Simon Broesamle, chief customer officer with ReachNow, said the company went through 40 iterations of the redesign before landing on the final version. He said the app, which has below a 3-star rating on the App Store and Google Play, “has not lived up to our standards.” ReachNow analyzed member data and feedback gathered over the past two years to drive the changes.

“It’s been our No. 1 priority over the past eight months,” he said. “We wanted to completely reinvent the experience.”

ReachNow is not only challenging Uber and Lyft, but traditional car rental companies as well. Broesamle said lots of people rent a car for multiple days and go out of town; ReachNow offers discounted prices for multi-hour or multi-day use. ReachNow will also soon allow members to schedule a free-floating car up to 30 days in advance and have the vehicle delivered to a location of their choice.

Other use cases include people renting cars on the weekends for several hours to run errands, or for rides to and from the airport, where ReachNow has a dedicated lot in Seattle and Portland.

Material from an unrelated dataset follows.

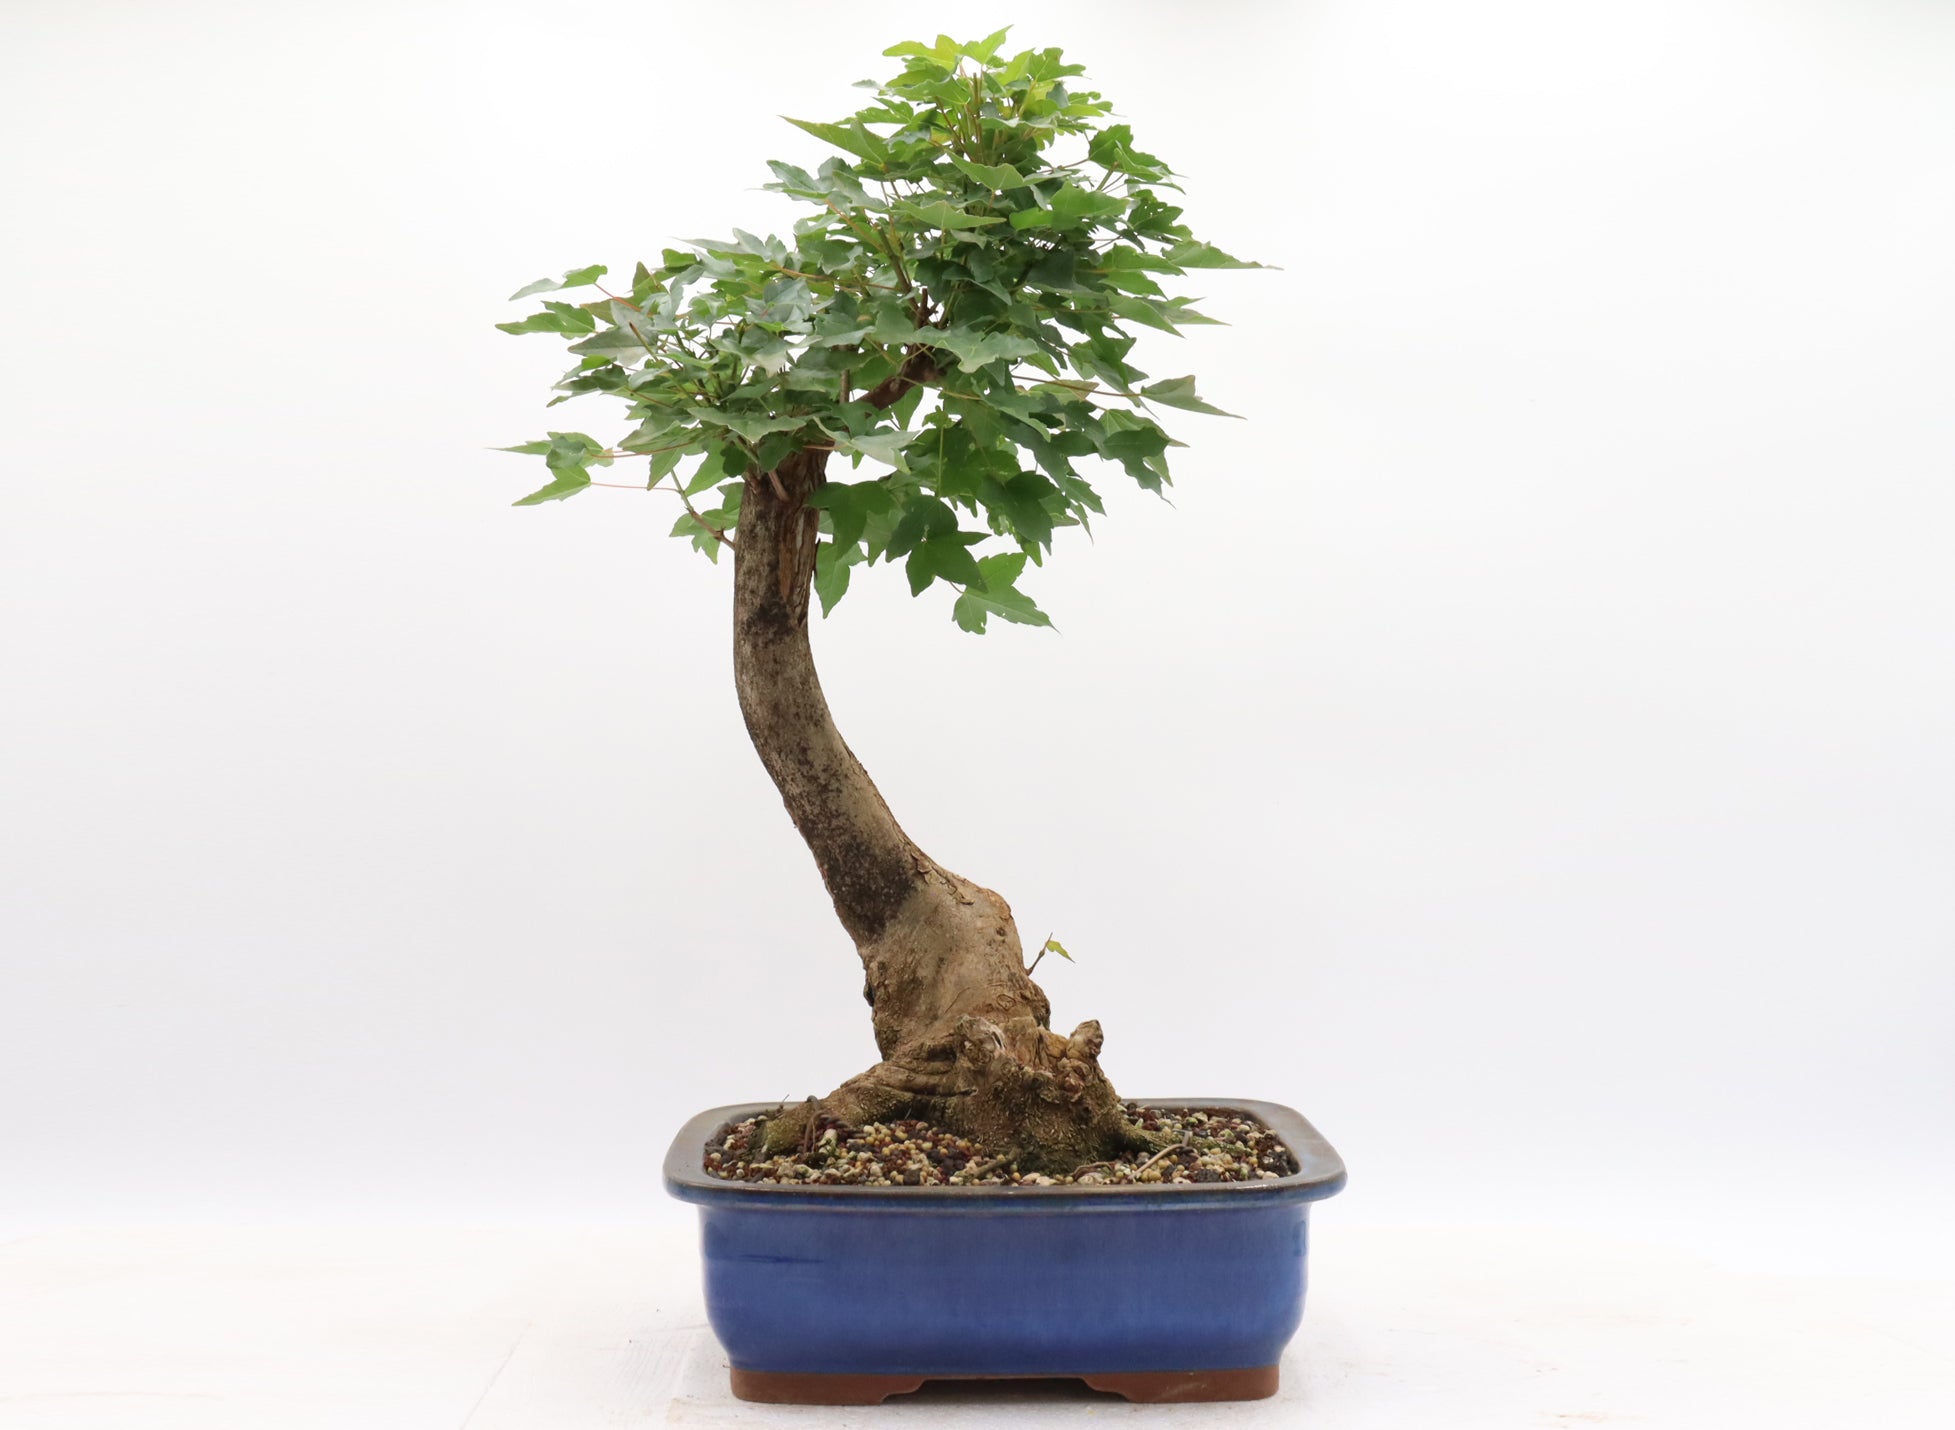 Trident Maple in a Blue Glazed Container

ReachNow has more than 1,000 vehicles across Seattle (700), Portland, and New York, where it recently ended its free-floating service but still operates a residential building fleet. It is also providing dedicated vehicles for apartment buildings in Seattle and Intel employees in Portland.

ReachNow, which agreed to merge with Daimler-owned rival car2go in March, is one of several new tech-fueled options that help people move around a city without owning a car. The app-based transportation kicked into gear when Uber and Lyft gained traction several years ago and a rush of other services are now available, from car-sharing apps like Getaround to the scooters that are attracting immense amounts of venture capital dollars.

Broesamle said ReachNow will continue to find new ways to leverage its vehicles and add more contextually-relevant personalization features. It plans to partner with other companies, like bike-sharing services, for example. A loyalty program could also come in the future.

“What is the Amazon Prime of mobility?” he said. “We want to create an ecosystem that is so compelling that people come back to us as the go-to place each and every time.”

ReachNow employs 64 people, with 60 in Seattle. It has nearly 100,000 members across the three cities who have traveled 12 million shared miles. A spokesperson declined to provide details about city expansion.